Intrusismo profesional versus intrusismo entre sexos       Algunas reacciones no dejan de sorprenderme, especialmente en pleno siglo XXI.  Siempre he creído que toda persona es libre de iniciar su propia aventura en el campo profesional por el que, en un momento determinado, se sienta atraído. No critico, por tanto, al torero que aspira a convertirse en estrella del pop, ni al deportista que quiere hacer una incursión en el mundo del cine, ni al carnicero que aspira a convertirse en piloto de fórmula uno, ni al abogado que busca hacerse un hueco entre los más admirados chefs… Nunca está de más tener un pequeño sueño, ¿no?

     Ahora bien, cada uno de ellos debería estar también dispuesto a reconocer sus propias limitaciones y a admitir las críticas más despiadadas. Así, el torero debería estar dispuesto a aceptar que de su garganta no sale ni un solo acorde aceptable; el deportista, que su papel no es en absoluto creíble; el carnicero, que avanza más en bici que en el último prototipo de Ferrari; y, el abogado, que cualquier juez estaría más que dispuesto a encerrarlo por atentar contra la salud pública. Pero todo esto, claro, ha de ser previamente probado.
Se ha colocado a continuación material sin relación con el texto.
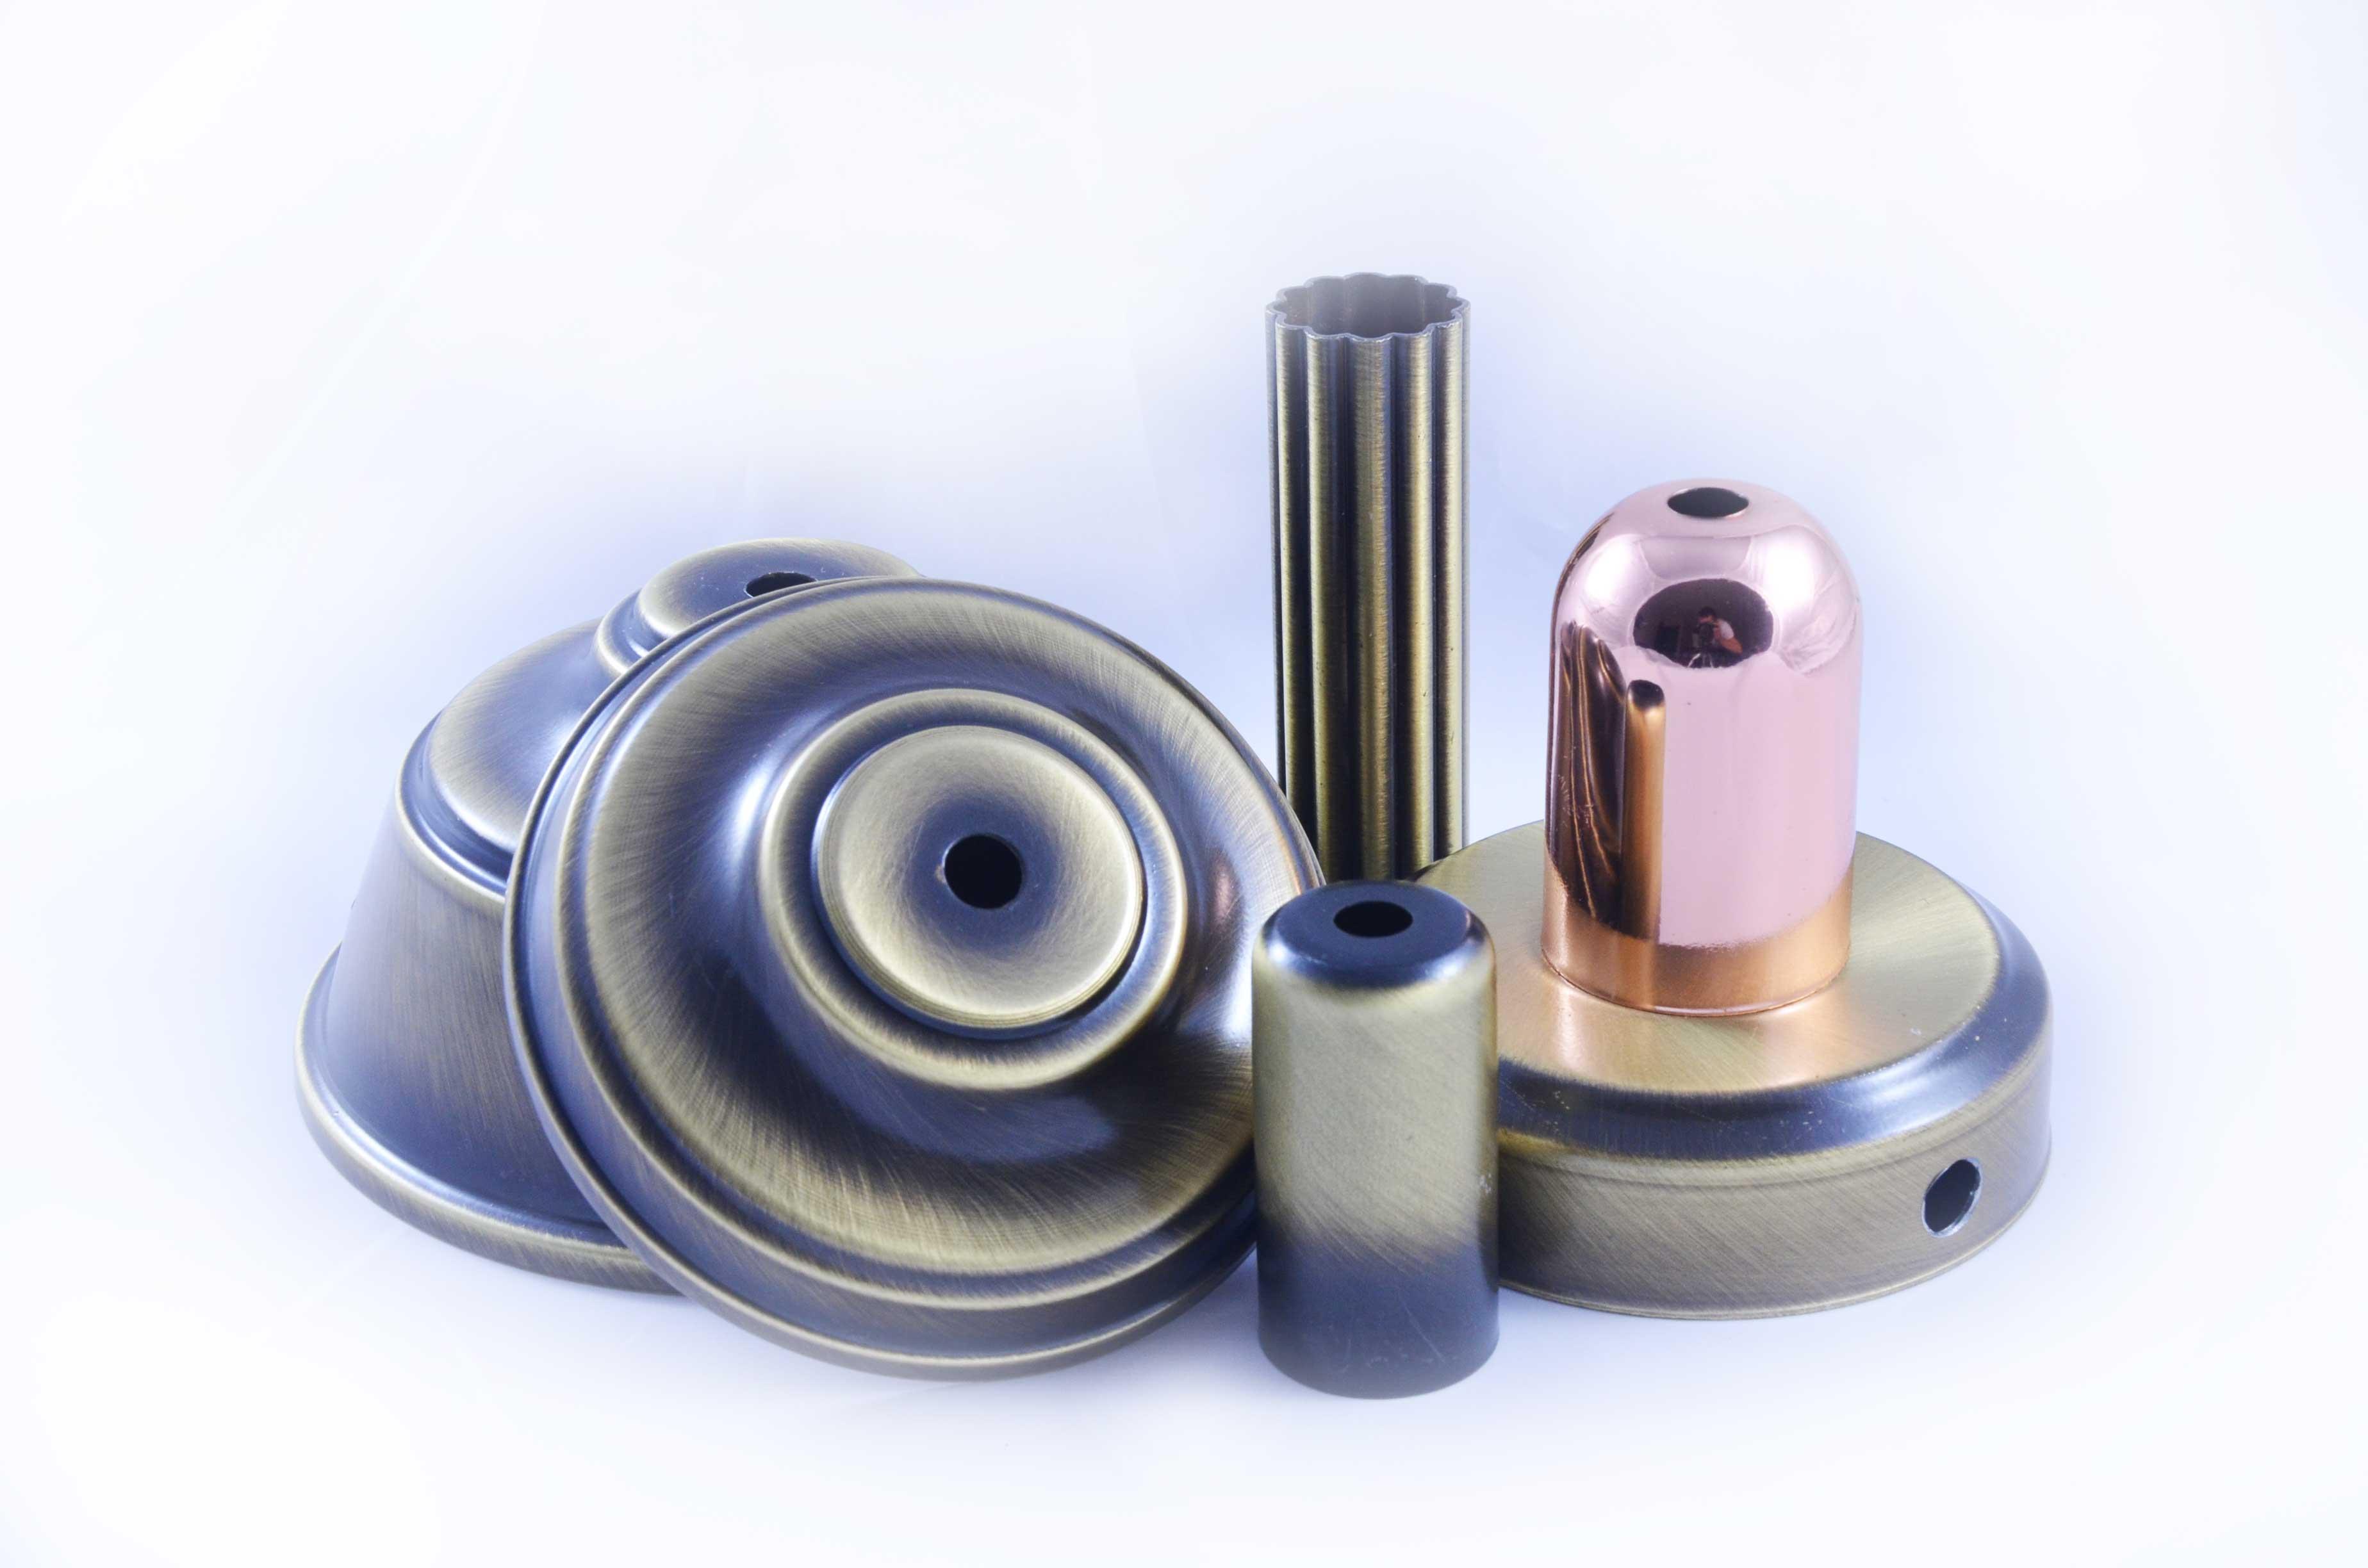 galwanizernia, galwanizacja, niklowanie, mosiądzowanie, miedziowanie, szlifowanie i polerowanie metali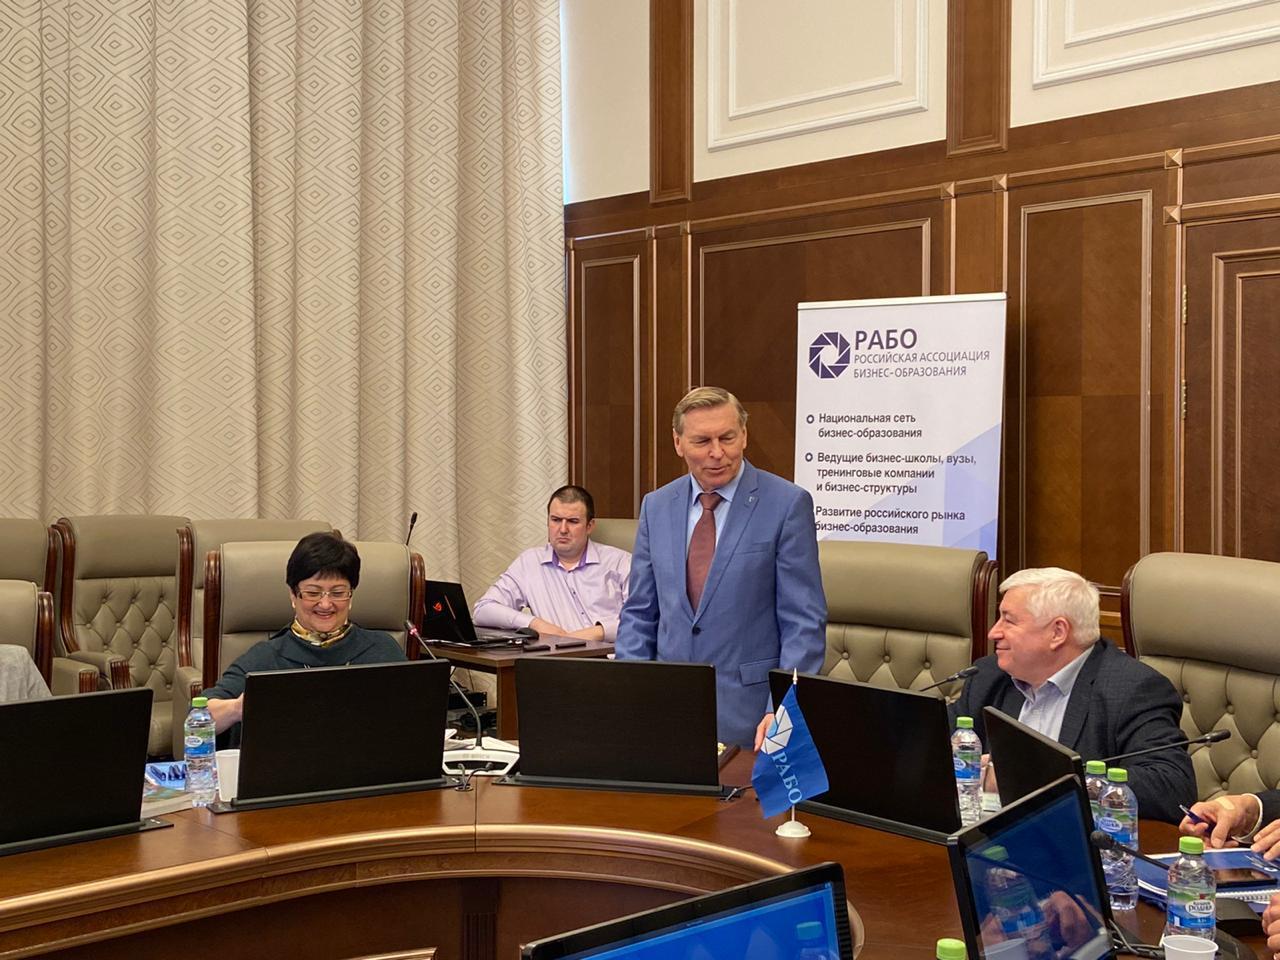 Заседание совета РАБО-2020 фото 9

     No sucede lo mismo con el intrusismo entre sexos. He aquí el último ejemplo que me ha tocado de cerca. Se me ha estropeado la lavadora y he llamado al servicio técnico para que vengan a repararla. Por supuesto, como es jueves por la mañana y están “terriblemente ocupados”, me hacen pasar todo el fin de semana sin lavadora. Acuden, por fin, después de varias llamadas desesperadas, todo hay que decirlo, el lunes a primera hora. Como yo no estoy en casa, una amiga recibe al técnico que rescata de las entrañas de la máquina un par de conchas de mar y un trocito de plástico de aspecto sospechoso. Hasta aquí nada fuera de lo normal. El muchacho saca el impreso de la factura y rellena todos los campos. Nada que objetar, todo muy profesional. Mi amiga le entrega un billete de 50 € y aquí empiezan los problemas. Al parecer, se trata de un billete  tan poco corriente que el técnico, a pesar de ser el primer domicilio al que acude esa mañana, no ha previsto que podría necesitar cambios y empieza a quejarse. Mi amiga, cómo no, se compadece y llama a las vecinas para conseguir los preciados cambios. No hay suerte y opta por bajar a la farmacia, escoltada por el técnico, por supuesto, no vaya a ser que le dé por echar a correr y huir a refugiarse en el club de los morosos. Por fin consigue su objetivo y el técnico se marcha satisfecho. ¡Qué bendición! La lavadora vuelve a funcionar.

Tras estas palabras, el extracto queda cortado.